I’ve been swimming for 12 years. I joined ANSC when I was 6.

What do you do for fun when you’re not swimming?

When I’m not swimming, I’m normally hanging out with friends. I’m really interested in filmmaking, so I watch a lot of movies. Other than that, school and swimming take up most of my time.

What are your practice and race routines?

Before practice, I go through a stretching routine and eat a little bit beforehand to fuel up. After practice, I eat again to recover.

Regarding race routines, I normally get back in the water and warm up again to get my heart rate up about 10-15 minutes before my race. I’ll do a little stretching before my race, too. Behind the blocks, I just shake my arms and legs to stay loose. I warm down after every race to stay loose for the rest of the meet. 

How do you train outside of the pool?

When we’re in season, our team lifts twice a week, in addition to yoga once a week.

Do you have a specific race strategy?

My race strategy just depends on the type of race I’m swimming. If it’s a longer race, like the 500 Free or the 400 IM, I like to go out more smoothly with a lot of air, so that I can swim faster than the field in the back half of the race. For shorter races, I still go out with a lot of air, but I’m definitely out more quickly.

How were you feeling before your races at the 2019 US Nationals?

It was a little nerve-racking to be in that environment at first. It was the highest level meet I had ever qualified for, and the high competition made it slightly intimidating. However, as the meet went on I felt more comfortable and confident in my abilities, eventually swimming better later in the meet.

What events did you get Olympic Trials cuts in?
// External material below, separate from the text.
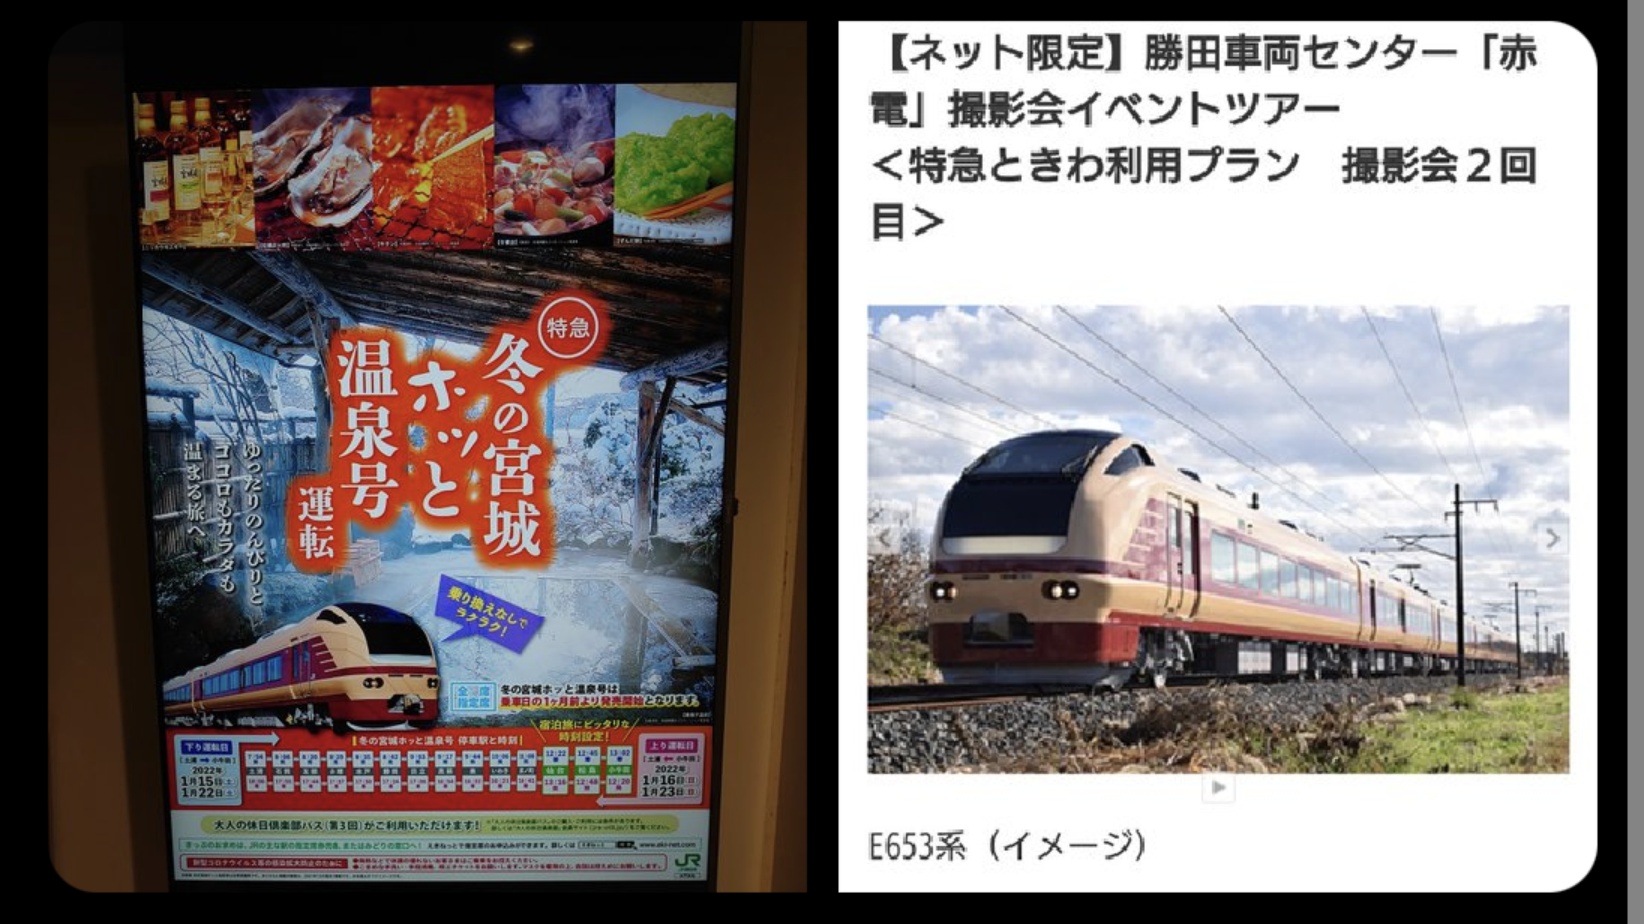 【1ヶ月前から知りながら直前で発表】E653系の撮影会がダブルブッキングでE501系に変更 JR東日本｢キャンセル料は払わない｣
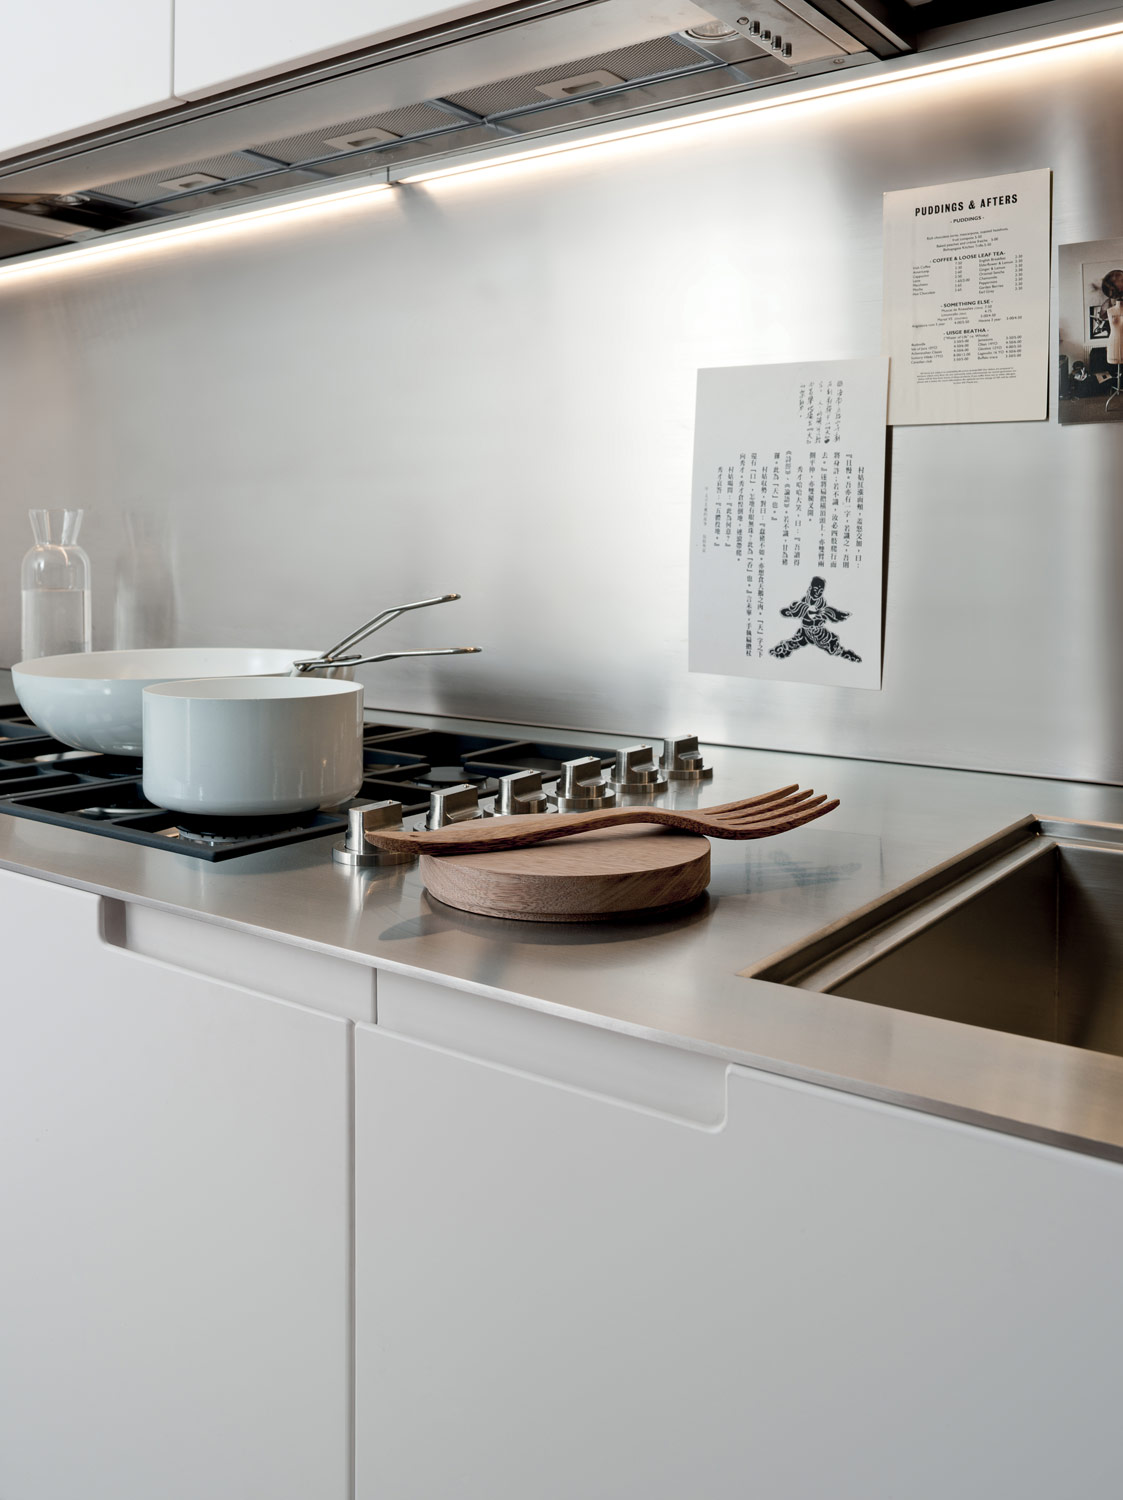 Kuhinje po meri - ideje za kuhinje - bela kuhinja sa stolom - ukupana rucica - tanka radna ploca - potpuno ugradni aspirator koji se ne vidi

How did it feel?

I qualified for the Olympic Trials in the 200 and 400 IM. When I first got the cuts, I felt a sense of relief that I had finally achieved those times. However, in general, I would say that I try to not get hung up on the excitement of times, but rather use them as motivation to train harder.

Were you expecting your Olympic Trials cuts at Nationals, or were they surprising?

I actually already had the Olympic Trial cut in the 400 IM, but I swam that time last summer. Therefore, it wasn’t within the qualifying period. I was only about a half of a second from the Olympic Trials cut in the 200 IM going into the meet, so I felt pretty confident that I would be able to achieve that one, too.

Are you committed to college anywhere? How did you decide where you wanted to commit?

I’m committed to swim at Stanford University. I felt that it was the best school for me to not only continue my swimming career but also further my academic endeavors. It really has the best of both worlds that I sought out in a school.